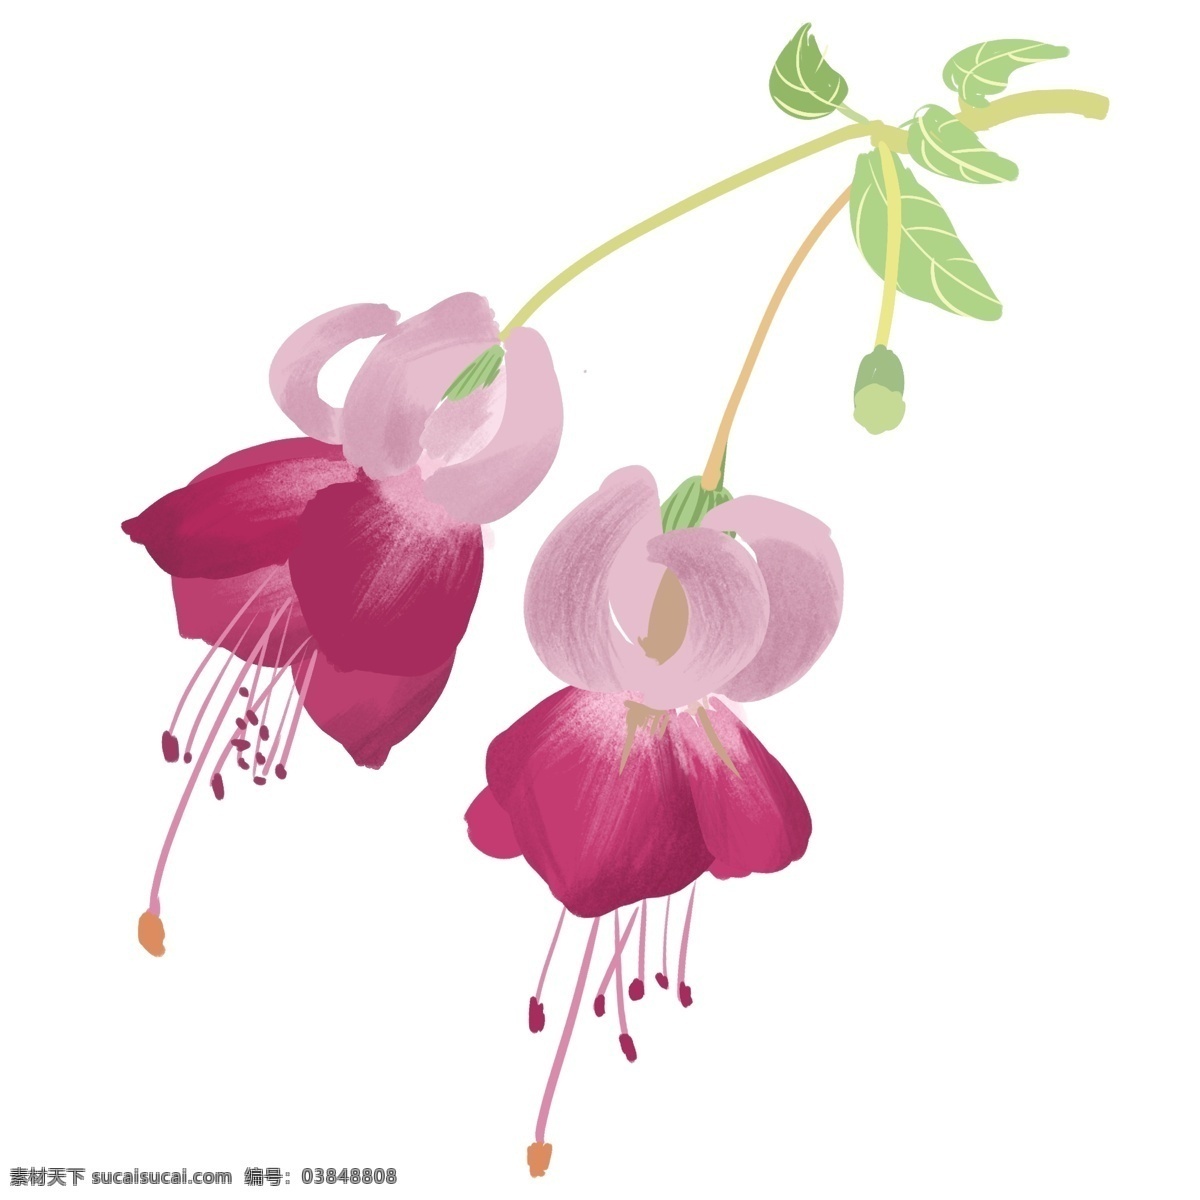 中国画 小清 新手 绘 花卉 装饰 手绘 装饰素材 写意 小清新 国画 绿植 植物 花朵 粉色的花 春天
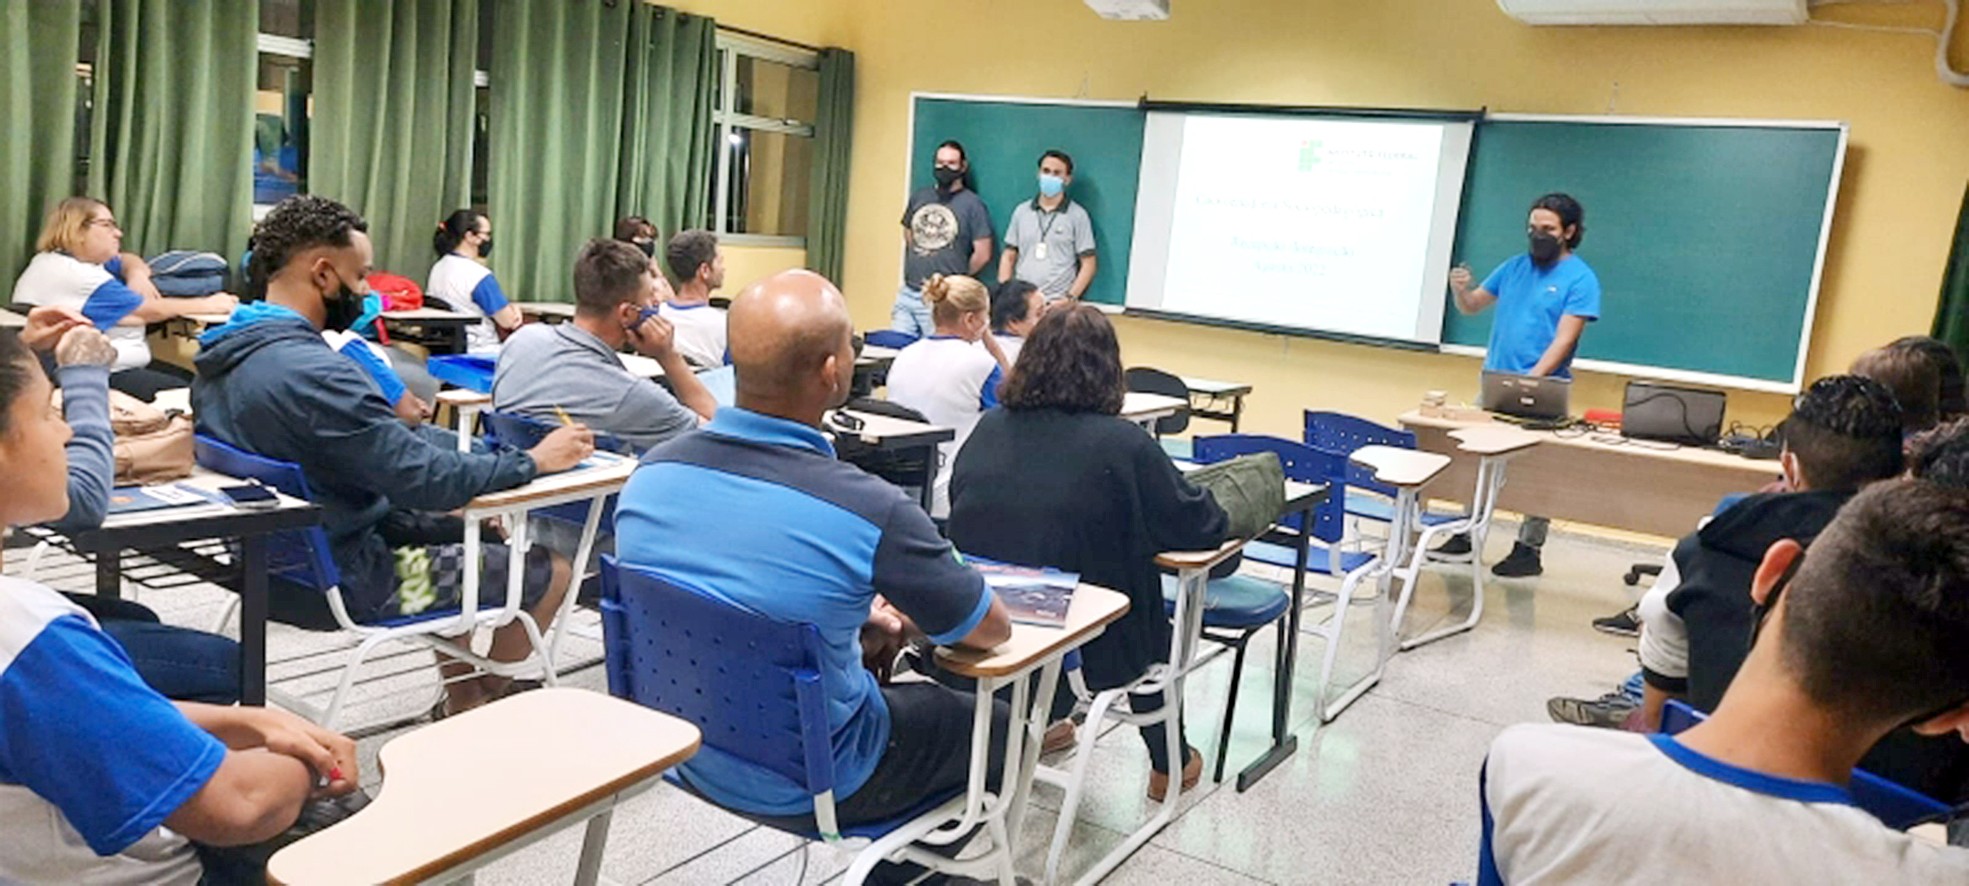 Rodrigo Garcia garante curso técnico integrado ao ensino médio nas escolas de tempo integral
....................
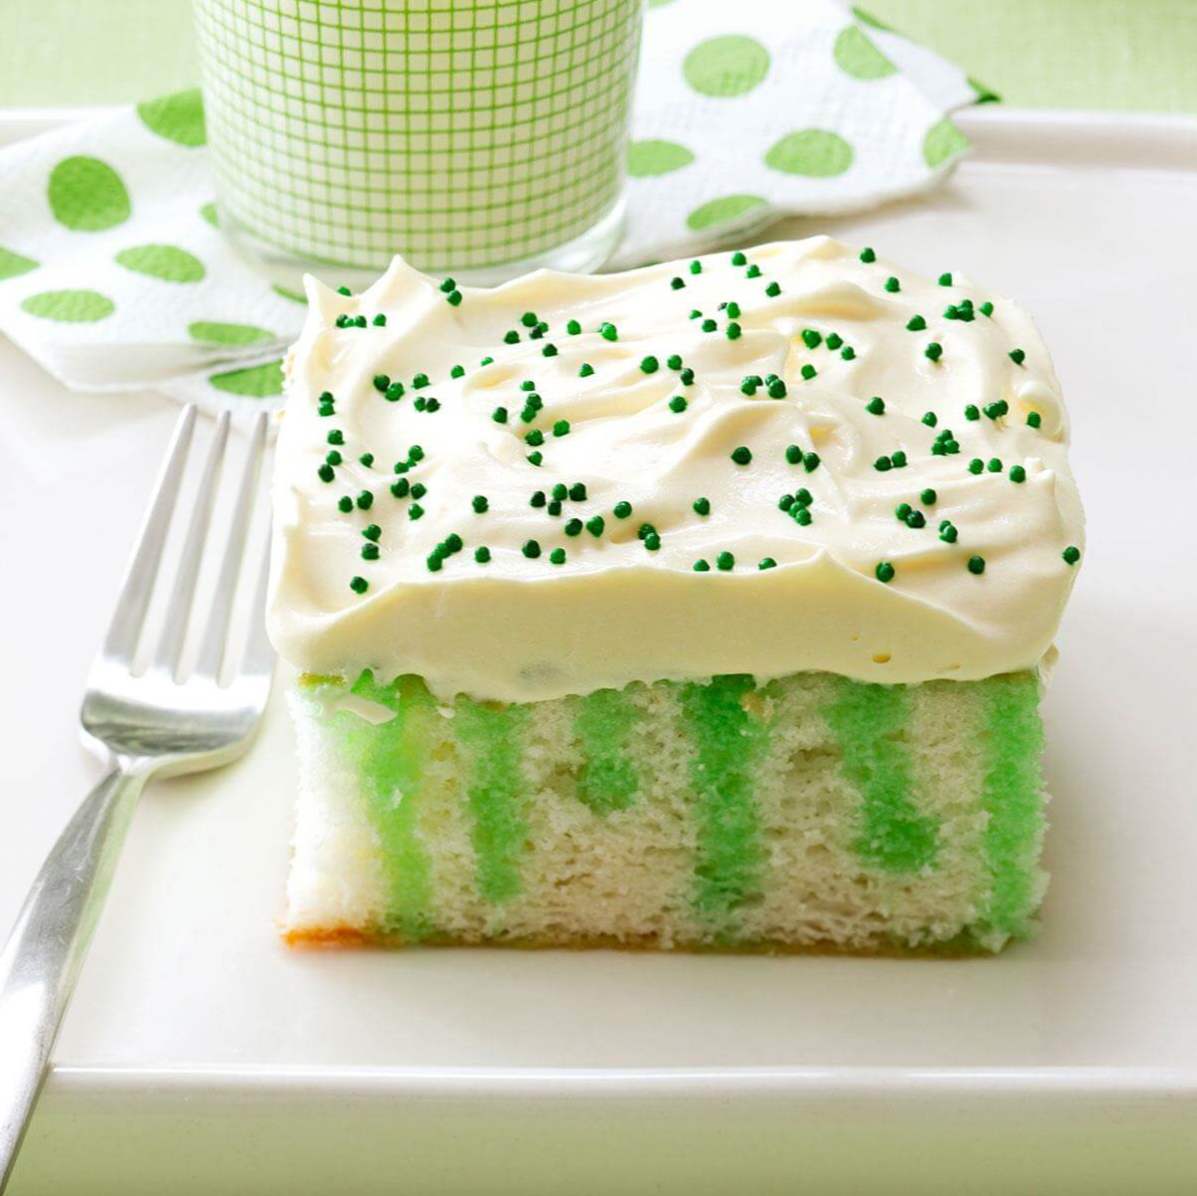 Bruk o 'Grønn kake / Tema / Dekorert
....................
Within the data above, repeat exactly the lines from the one bearing "中国画 小清 新手 绘" through the one bearing "Rodrigo Garcia garante". Include no pictures and nothing else.

 中国画 小清 新手 绘 花卉 装饰 手绘 装饰素材 写意 小清新 国画 绿植 植物 花朵 粉色的花 春天
 Rodrigo Garcia garante curso técnico integrado ao ensino médio nas escolas de tempo integral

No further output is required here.